_DATASET_

- - - -

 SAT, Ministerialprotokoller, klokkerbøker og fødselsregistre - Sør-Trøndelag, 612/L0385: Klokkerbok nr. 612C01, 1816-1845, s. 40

- - - -

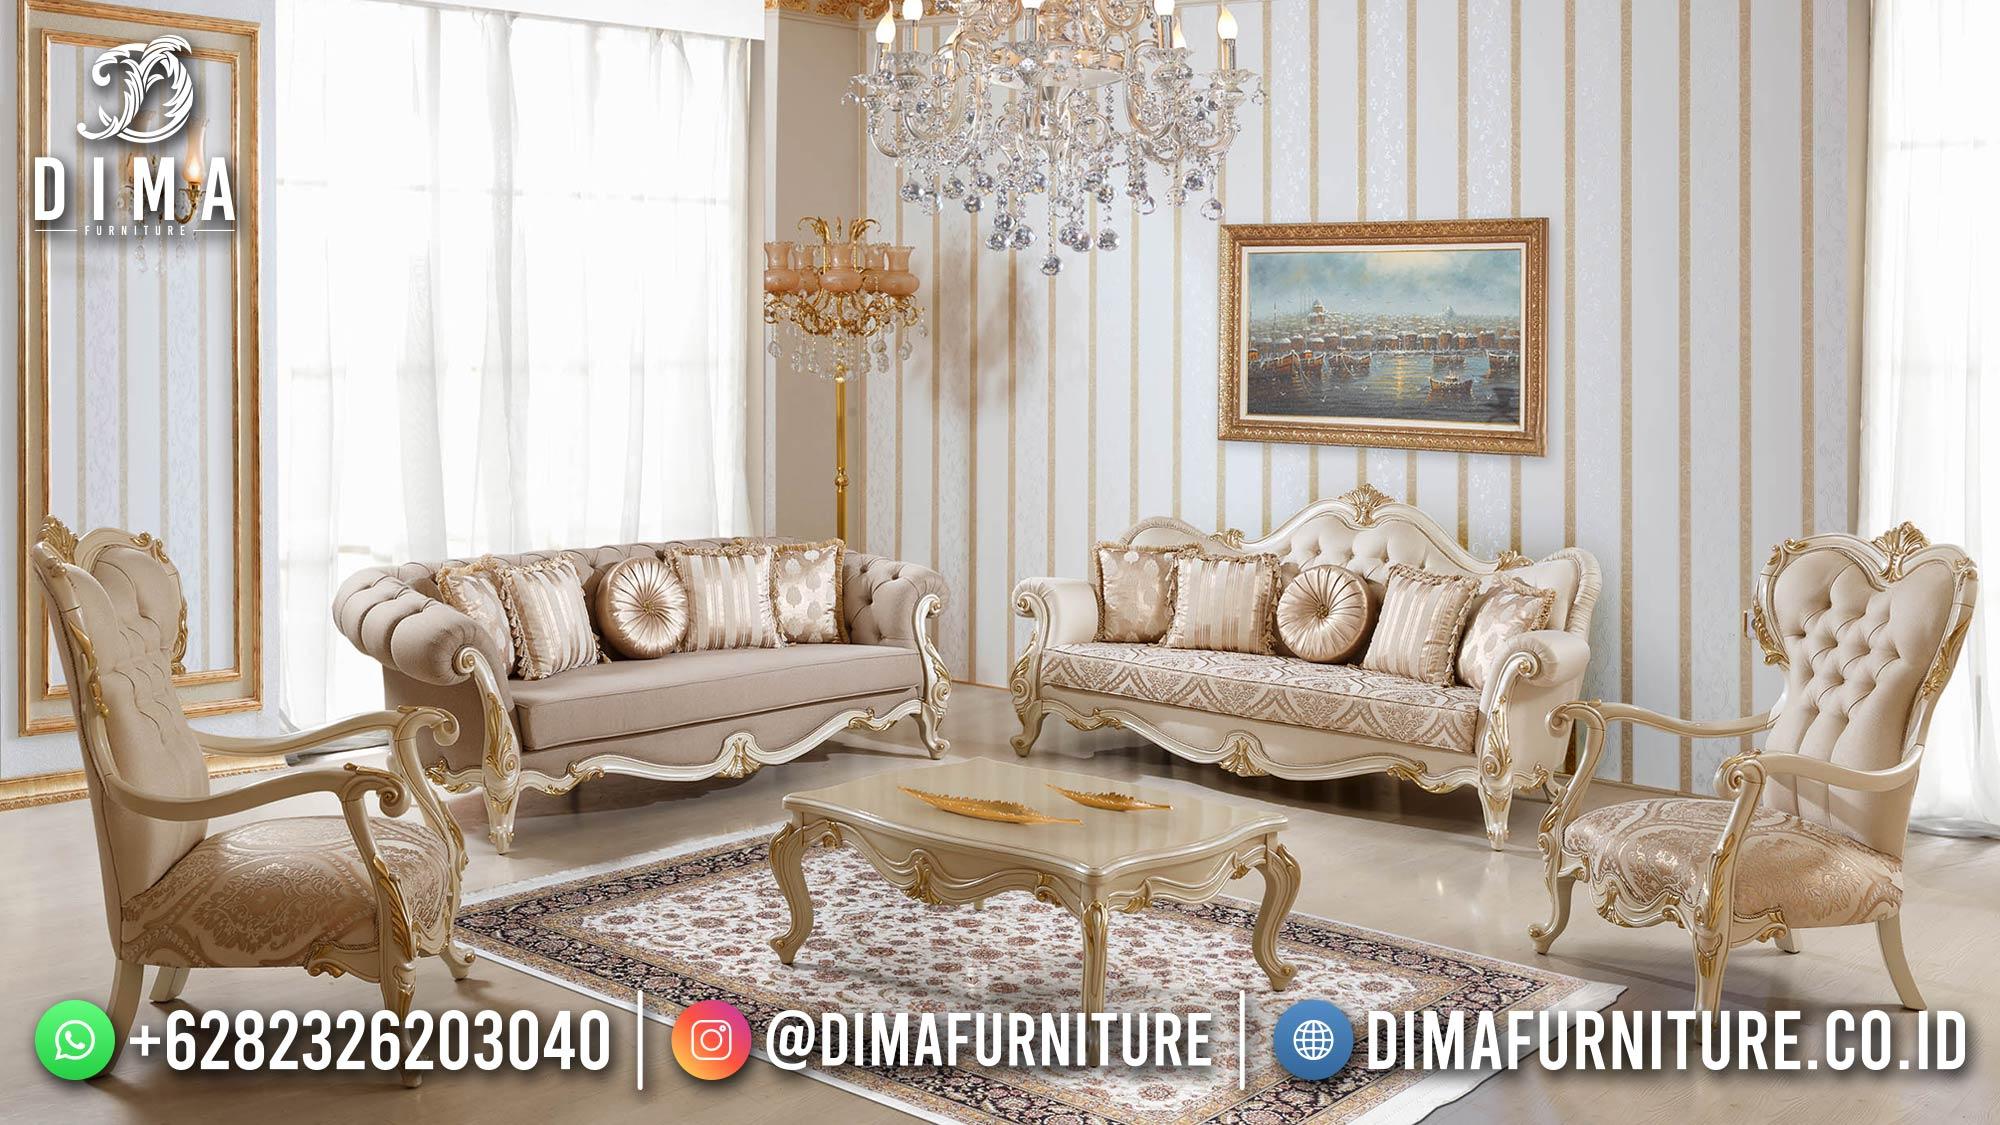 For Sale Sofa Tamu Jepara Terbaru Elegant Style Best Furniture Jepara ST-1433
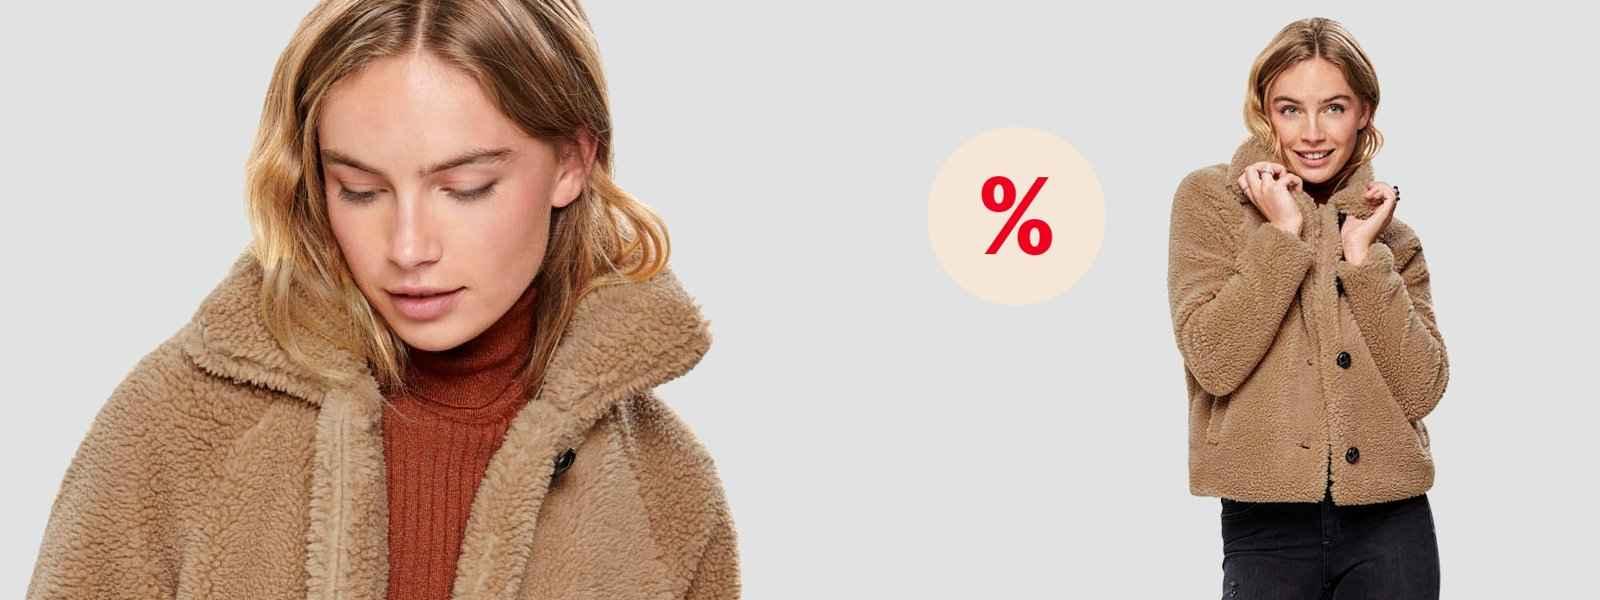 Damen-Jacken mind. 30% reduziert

- - - -

Starting with the line that has "For Sale Sofa" and going on through the line that has "Damen-Jacken mind. 30% reduziert", transcribe the records above exactly, but skip the pictures.

 For Sale Sofa Tamu Jepara Terbaru Elegant Style Best Furniture Jepara ST-1433
 Damen-Jacken mind. 30% reduziert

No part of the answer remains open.